片中研究含羞草的植物學家愛麗絲,由導演在《忌妒的藍圖》合作過的蕾雅瑟杜出演,王教授總會和她視訊通話討論實驗的方向,愛麗絲認為大學校園裡的銀杏樹應是雌性樹,因為雌性的銀杏樹會散發難聞的氣味,才會孤身聳立於此,於是,她寄送了雄性樹的精子給王教授的母樹,讓銀杏得以繼續繁衍。這段性別對調的設計,揭示了編導的性別意識,這能夠對應到1908年的故事線,由威尼斯主競賽最佳新進演員獎(馬塞洛馬斯楚安尼獎)得主露娜維勒德,她飾演的女學生格蕾特申請進到男性主導的學術界求學,受盡幾名老白男教授的言語羞辱,他們將林奈的分析系統作為考題,面試時卻使用拉丁文與希臘文的語言學要求格蕾特作翻譯,彷彿將女主角放置在眾男性圍繞的場景,好似赤裸著身子被凝視的恐懼,反之,女主角卻是八位面試者中唯一面試上的學生,如同助教所言,她成了系所裡的女王蜂,明明在講述人類賦予植物界的性別概念,實則反映了過去時代的厭女情節,格蕾特就連借住在別人家,婦女將她晚歸的舉動,視為出格的不檢點,並且將她趕出了家門,當她走入了花園、走進了相館,看待植物的方式改變了,因此最後她選擇去當相館老闆的助理,老闆更是願意教她攝影的技巧,要她繼續拿起相機拍照,這份對植物的熱情才得以延續。

愛極了片中「天竺葵」的實驗段落,這段講述了漢內斯與龔杜拉這對求學時期,導演提到從人類歷史來看,這段故事背景選在1972年學生運動風氣盛行之際,也代表了人類意識到彼此與物種之間差異,對此產生了態度上的轉變,才會有片中的靜坐抗議等橋段。延續了上一段的性別論述,漢內斯與龔杜拉這兩個角色體現出男女價值觀的差異,或者也可以看作是個體間的差異。從小在農場長大的漢內斯,被動植物環繞,因此無法理解杜拉想要研究植物的心情,杜拉則認為植物正在觀察著人類的行為,擁有超脫於紫外線之外的信號可以接收。然而,漢內斯對杜拉抱有好感,才會主動到圖書館翻找相關的詩歌,想要浪漫化對於植物的想像,沒想到杜拉卻用非常理性的角度來回應,對著窗邊的天竺葵做科學實驗,漢內斯無法理解杜拉的想法,但在照顧植栽與花園的過程中,隨著時間推移澆花的頻率增加,陪伴著天竺葵盆栽讓他理出了頭緒,他與天竺葵找到了溝通的方式,天竺葵甚至能夠通過電流為男主角開關門,可愛到讓人會心一笑的橋段,原來人類與植物之間真的能夠產生連結,讓不願敞開心房的青年,有了理解植物的可能性。

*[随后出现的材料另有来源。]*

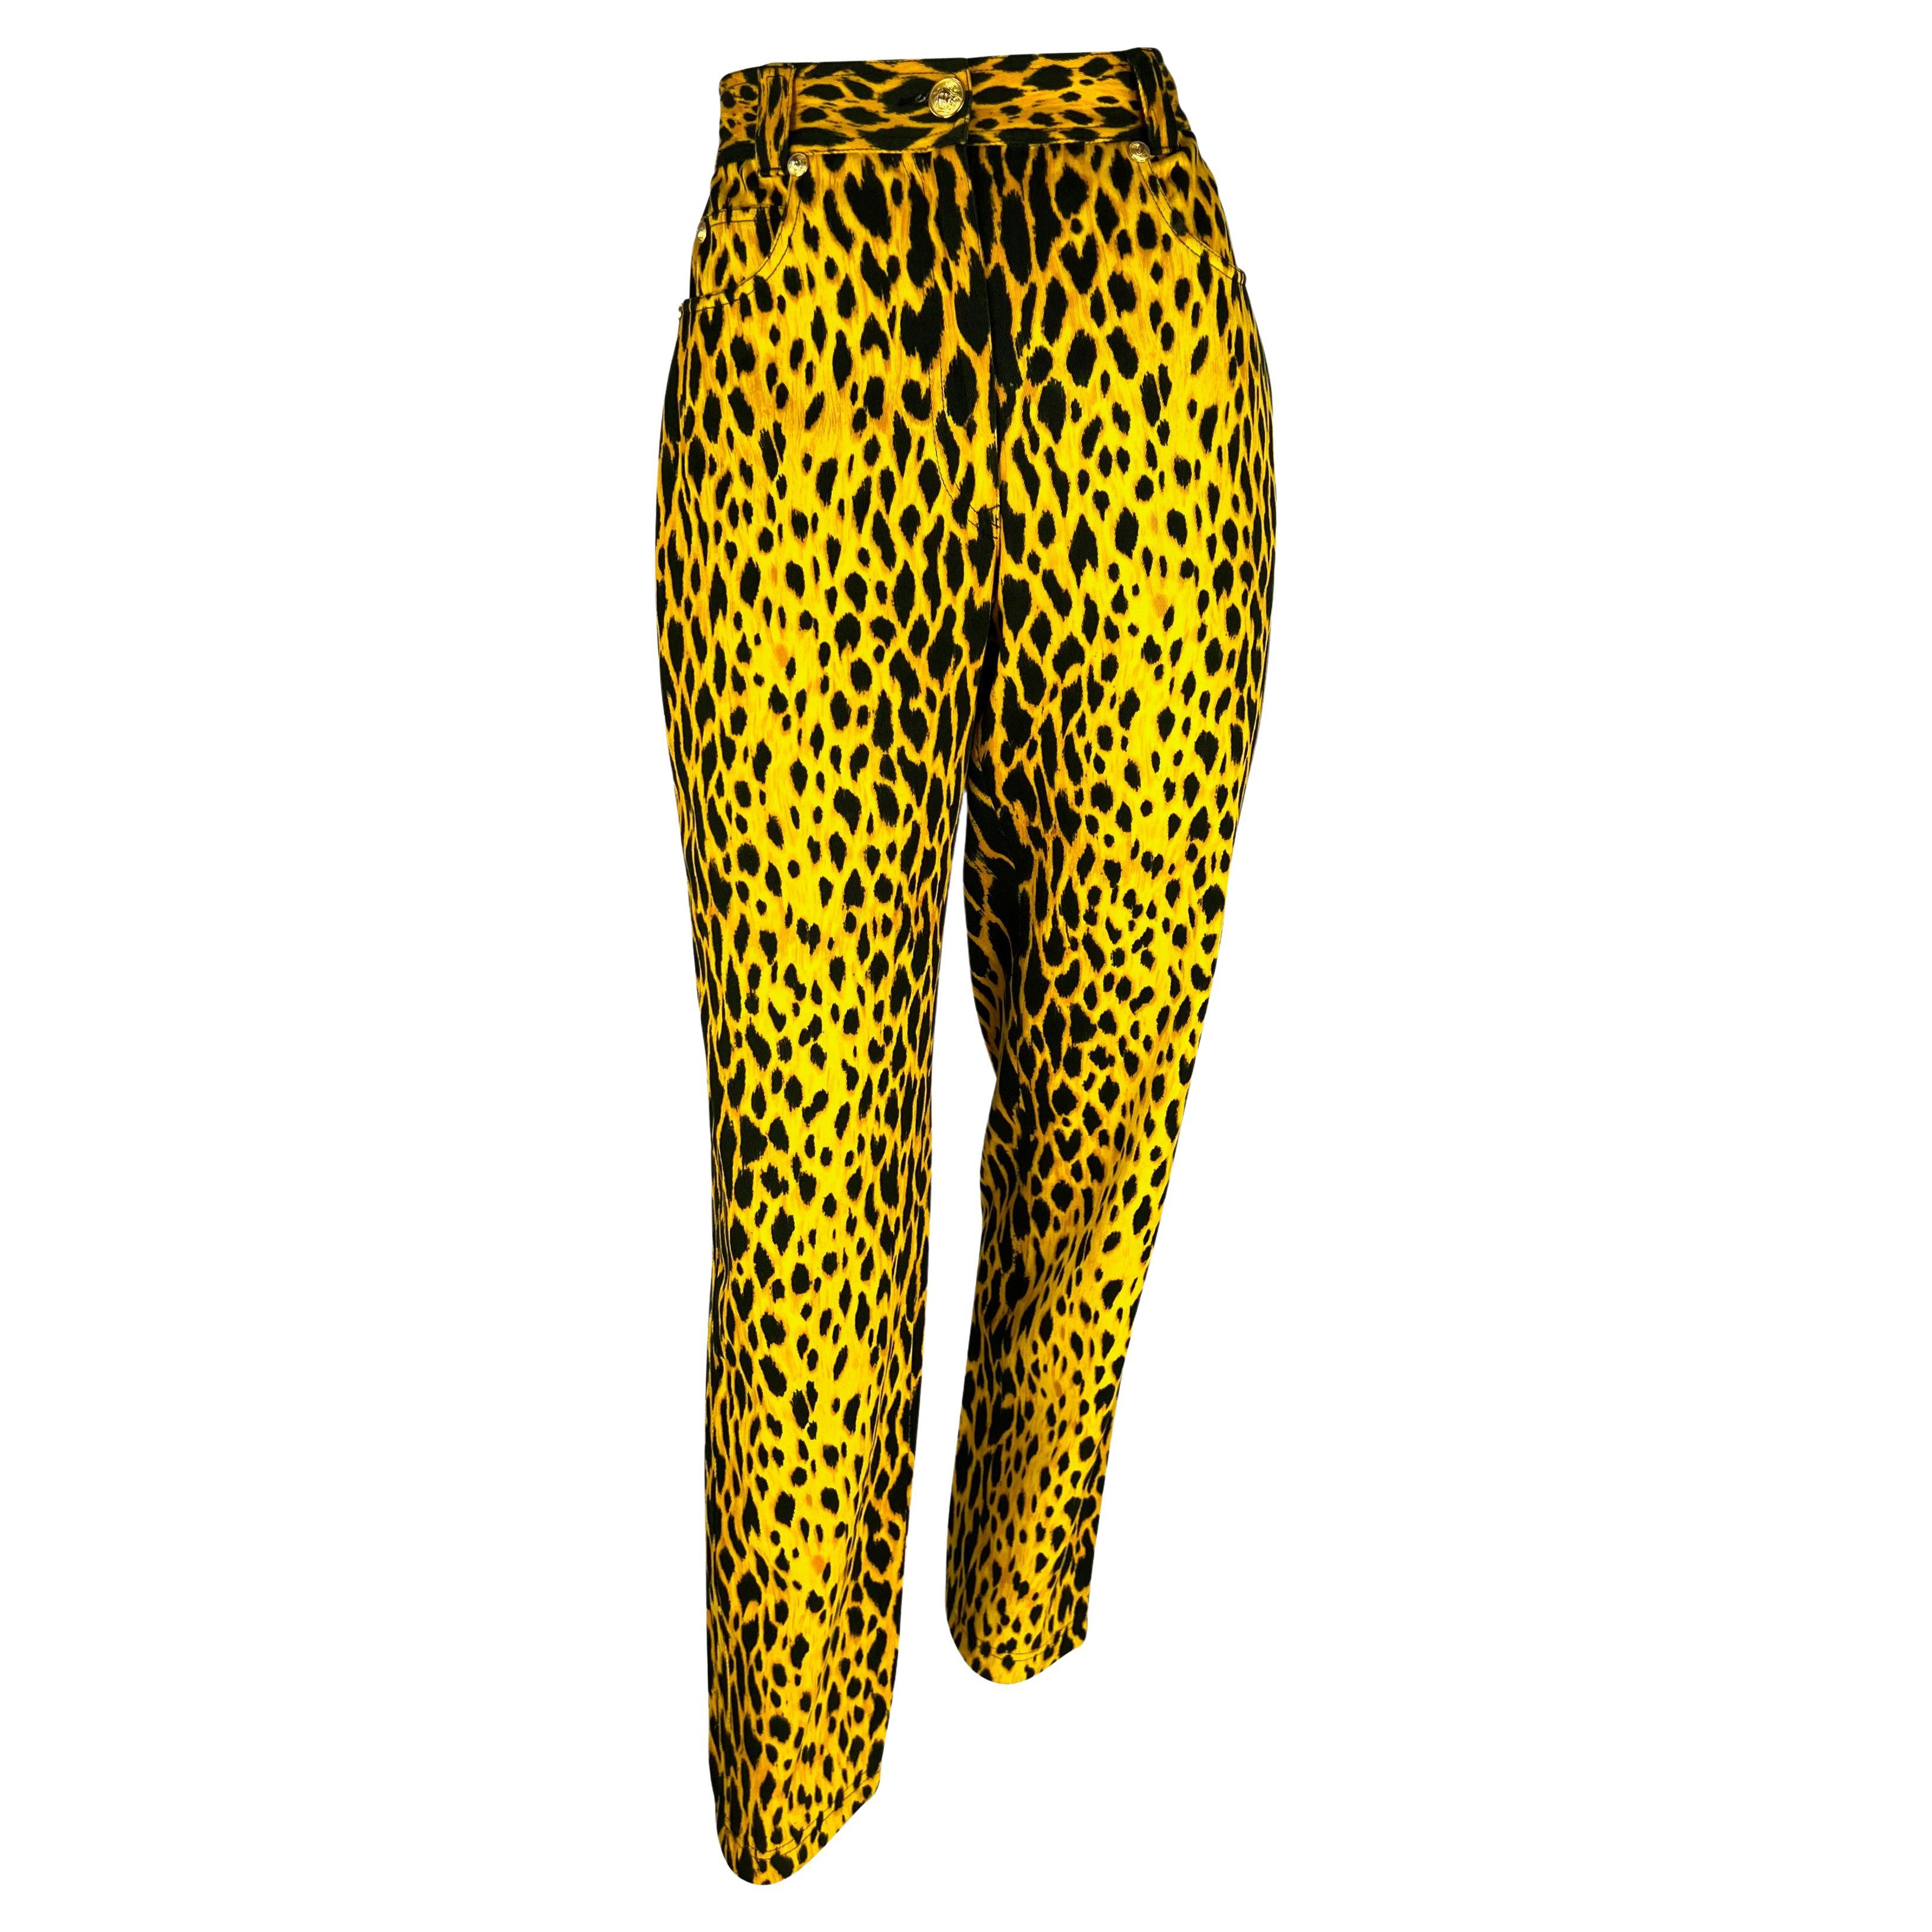 S/S 1992 Gianni Versace Runway Cheetah Print Yellow Black Cotton Stretch Jeans For Sale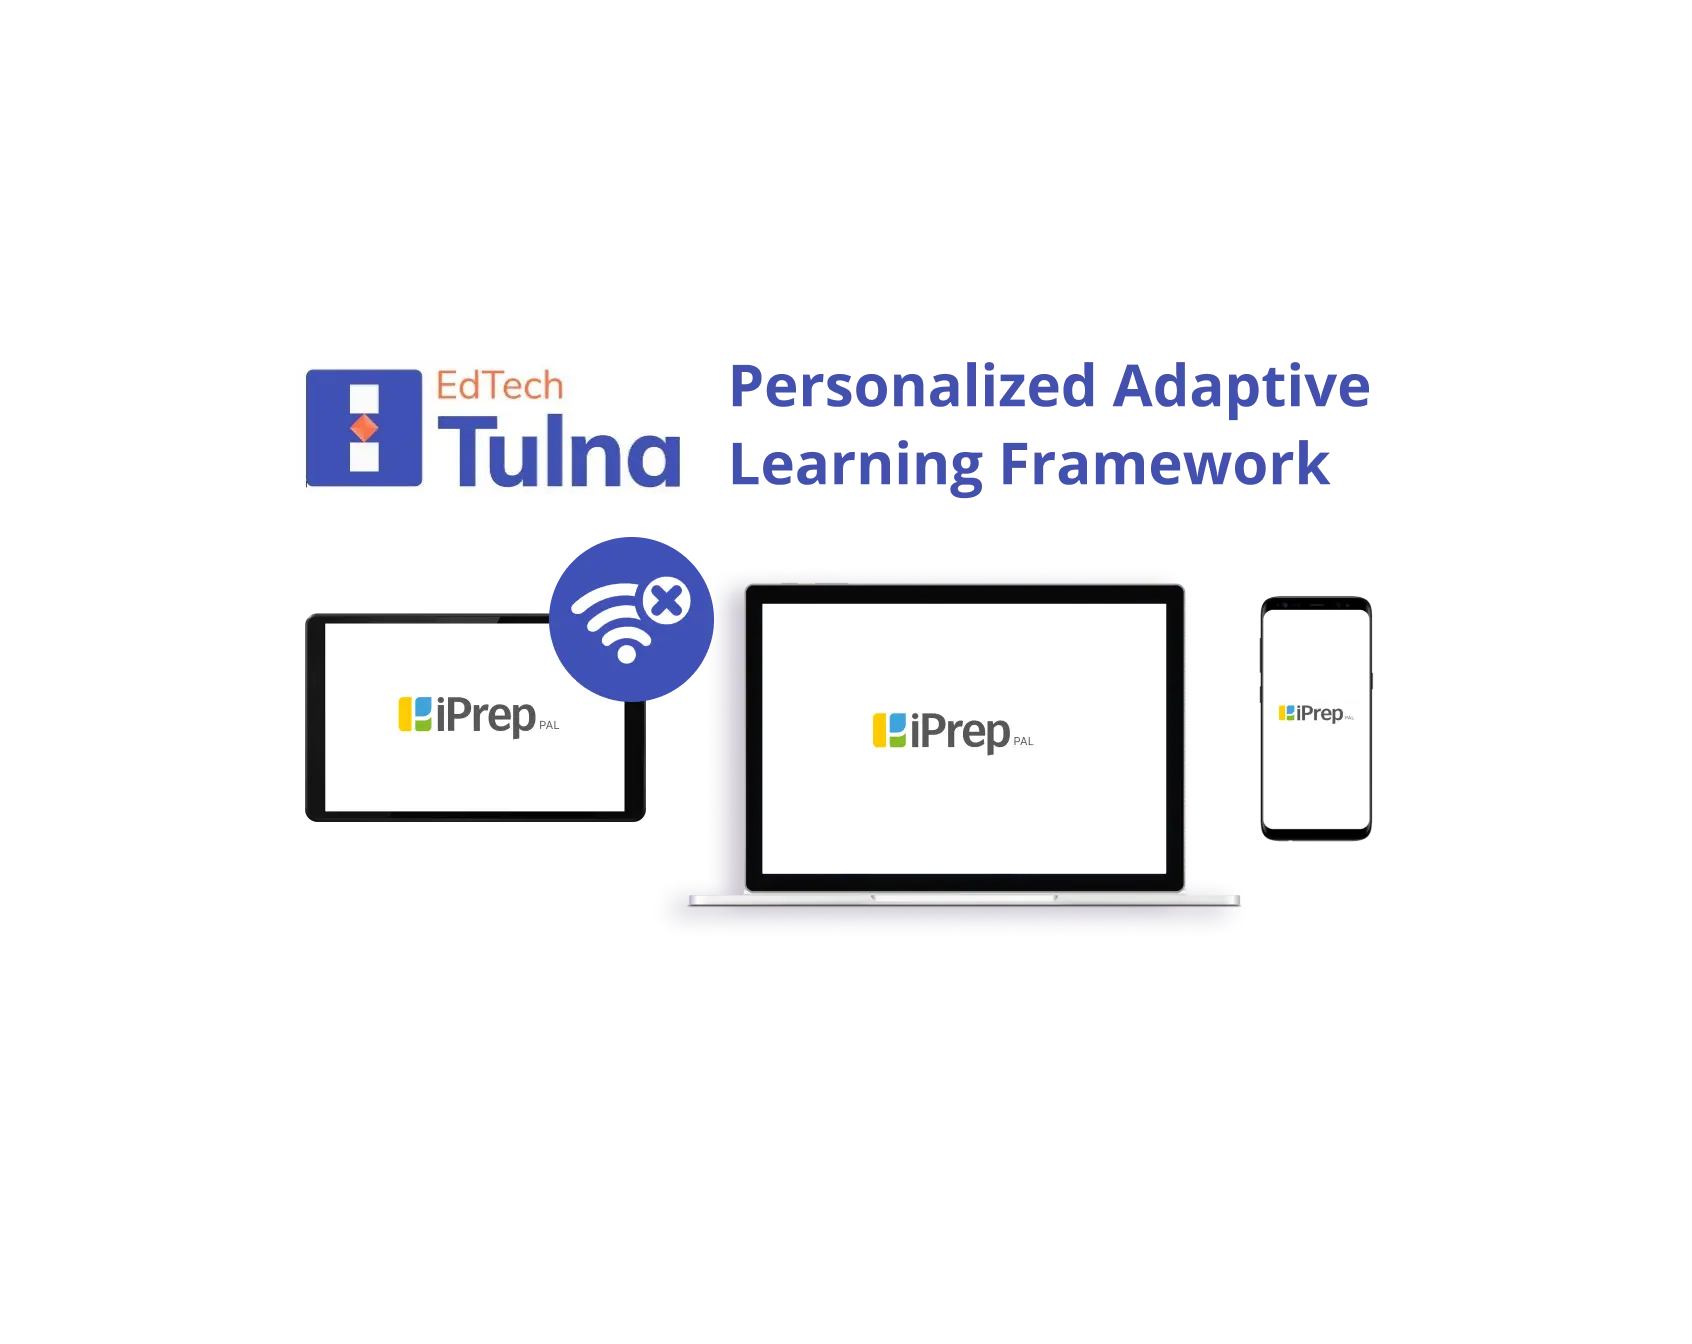 The portrayal of the Personalized Adaptive Learning Framework followed in iPrep PAL Called the Edtech Tulna

伊爾蒂蔻恩伊達導演透過電影《你是不會當樹嗎》帶來三段相互共振的生命樂章,三個篇章給出的引子或許沒有全然扣合,看下來卻相映成趣,原來我們也能在這有關樹的故事裡,進到那種創作時靈光乍現的亢奮狀態,對我來說,這部作品最難的是要在人類的時間框架之下,去呈現植物所給出的反應,王教授的電腦螢幕上會顯示一棵電子神經樹,如同揭露了銀杏樹幻彩般的大腦;漢內斯則透過形似地震儀的感測器,讀取紙上的波動來判讀天竺葵的心情;格蕾特則拿起了能夠探索脆弱本質的相機,拍攝蔬果的紋理與自己裸身的軀體,就此成為自然圖鑑的一頁。當銀杏樹從油綠轉成了金黃,整棵樹儼然成了《永生樹》裡未曾現身過卻貫通人類史的巨樹,在緩慢拉遠的鏡頭搭配著令人屏息的選曲,讓觀賞結尾的我,有種被「連根拔起」的新奇體驗,腳底好似被打通了神經,隨之滑步跳躍。